A friend just told me about an experience he had teaching at an Ivy League university that sums up a lot of the problem with American education nowadays.
One day he went into his history class and began lecturing with a long and spirited defense of slavery. The students were amazed and appalled, asking “How can you say such things?”
Let me interrupt here to make two points. First, none of the students apparently seemed to think he might not mean what he was saying, which tells how much they have become used to hearing only what has already become pre-digested "truth." Second, the professor is an African-American. Of course, if he wasn’t his talk would probably have ended his academic career right there.
He explained to the students that it was not enough to oppose something—like slavery—by merely assuming it was wrong. You must make a good coherent case on the other side. And this requires taking very seriously arguments you may find repugnant but which in some cases—even if not this specific one—could even persuade you that you don’t already possess the full truth.
The professor added, “I won’t accept your merely saying that it is immoral. You have to give me social, economic, political, and other arguments against it.”
In other words, the test for any idea is not whether it meets some pre-existing political standard of what is socially acceptable nowadays (Political Correctness, multiculturalism, and non-hate speech) outside of which everythig is automatically an evil lie. The test is whether it corresponds to reality in some way (that is based on evidence), has consistent arguments (that is, based on logic), and all the other tools of rational thought (for example, handling exceptional cases, having some predictive capability, employing reliable sources, to strive for the closest possible approximation of objective truth even if they could never achieve that perfectly, etc).
I asked him what happened next. He said that about two students understood what was going on and did a good job of meeting his challenge. The rest had no idea of how to respond.
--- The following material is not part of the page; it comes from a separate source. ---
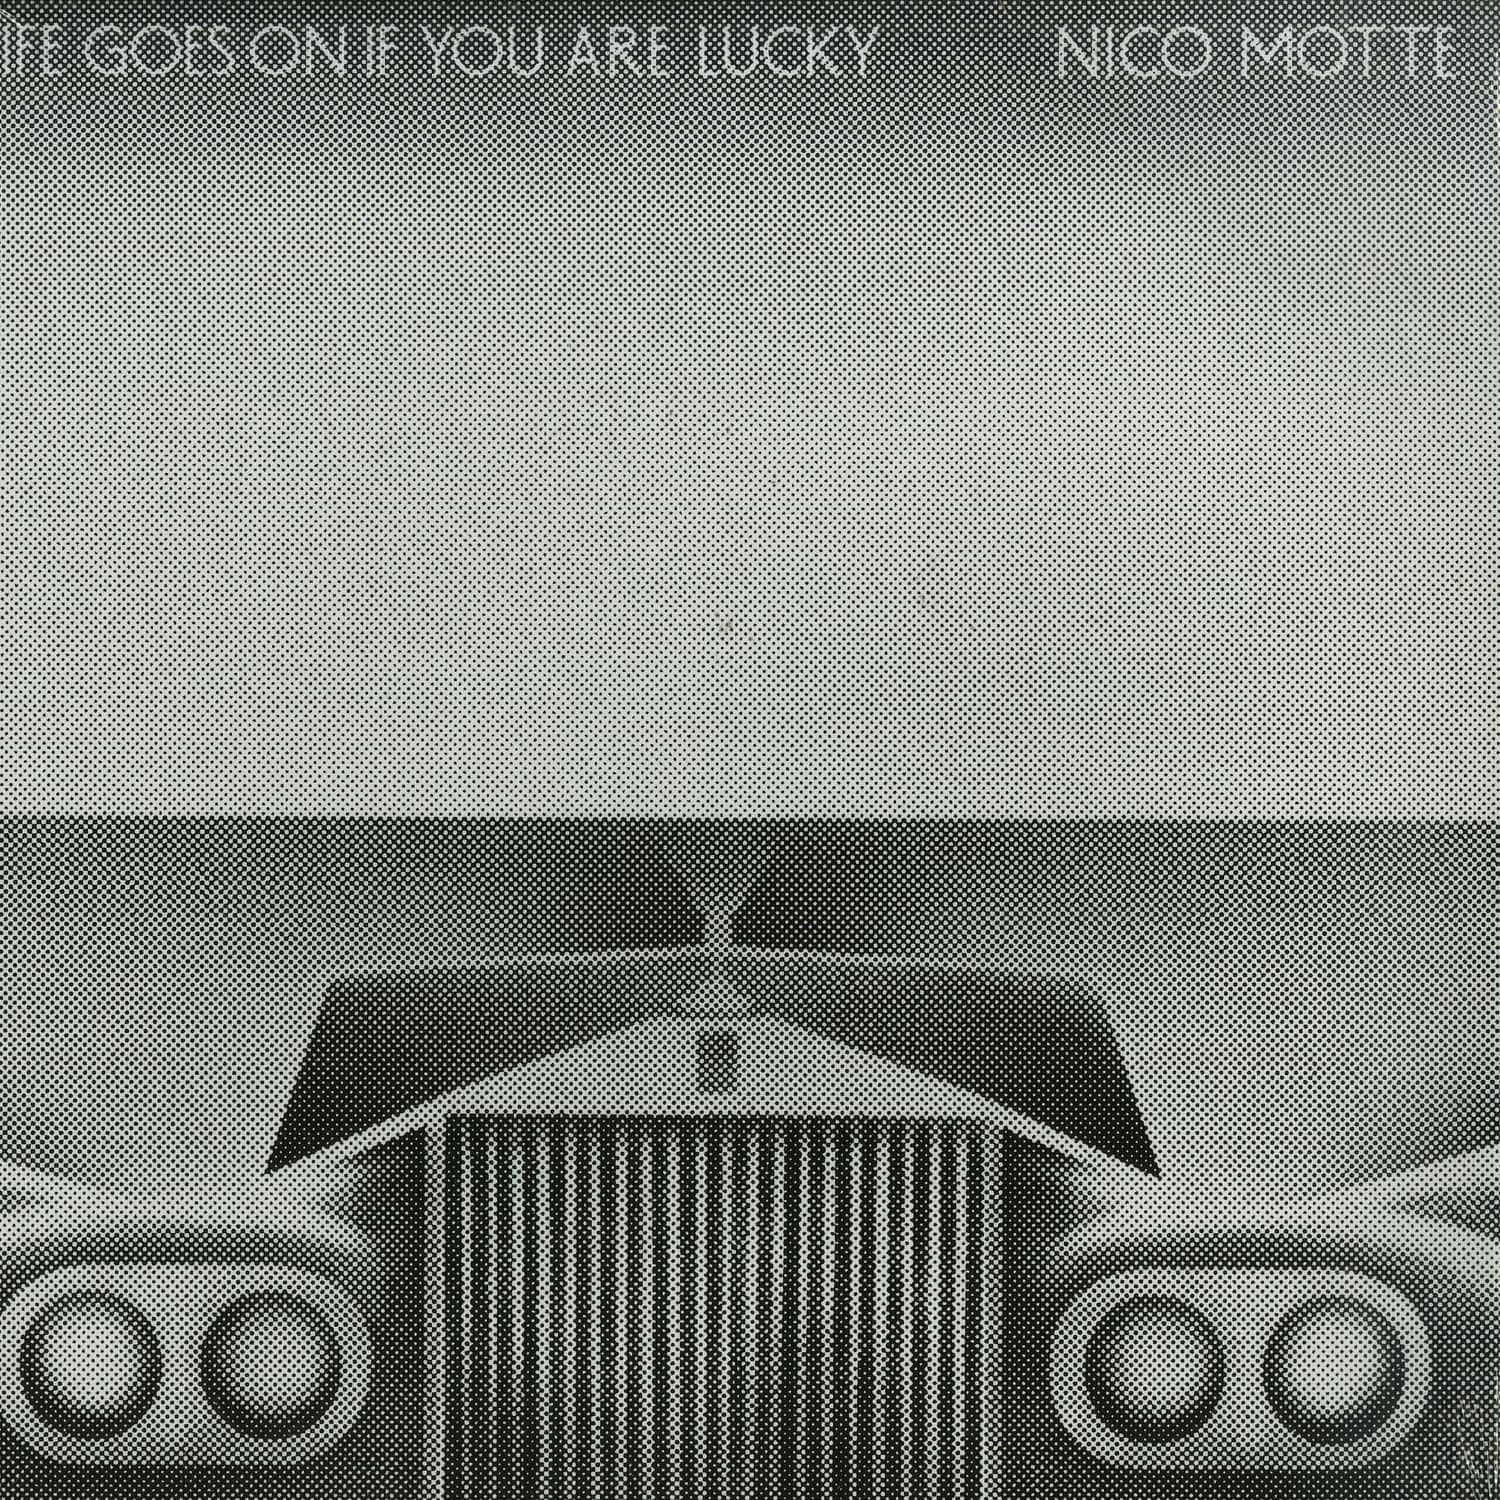 Nico Motte - LIFE GOES ON IF YOU ARE LUCKY

This reminds me of a story I heard from another professor who proposed that a broad reading list should be established for a course which gave a range of views. The professor teaching the course replied that such an idea was old-fashioned and boring. "What I do in my course is explain in the first class that the world's problems are caused by the United States and I spend the rest of the course proving it."
The point is that a short history of American education (and that in some other places in the West) over the last few decades might go like this:
Stage 1: What we are now told were the “bad old days” in which students were indoctrinated to be patriotic and think America was a good society with few if any faults; the cowboy were always the good guys, and the focus was on only some groupings.
Stage 2: The transition, during which students were given a balanced story, with both America’s virtues and its shortcomings presented. (At best, that included an explanation about how the system was free enough to allow for advocacy of change and good enough to make reforms without massive conflict or collapse.)
Of particular importance, during this period students were encouraged to think for themselves, be critical but rational, to question what they were being taught.
Stage 3: The current era. Things have come full circle and even more so. Students in many cases are indoctrinated to be anti-patriotic and think America was a bad society with few if any virtues. They are encourged not to question authority and might be ridiculed or punished for doing so.
But the shortcoming now isn’t just the indoctrinating content of many courses, in humanities and social science at least, it is the failure to teach good methodology. How bizarre that we’ve come full circle to an era where students are not encouraged to think for themselves, given one “correct” view point to the exclusion of others, and thus cannot develop coherent, logic-based arguments.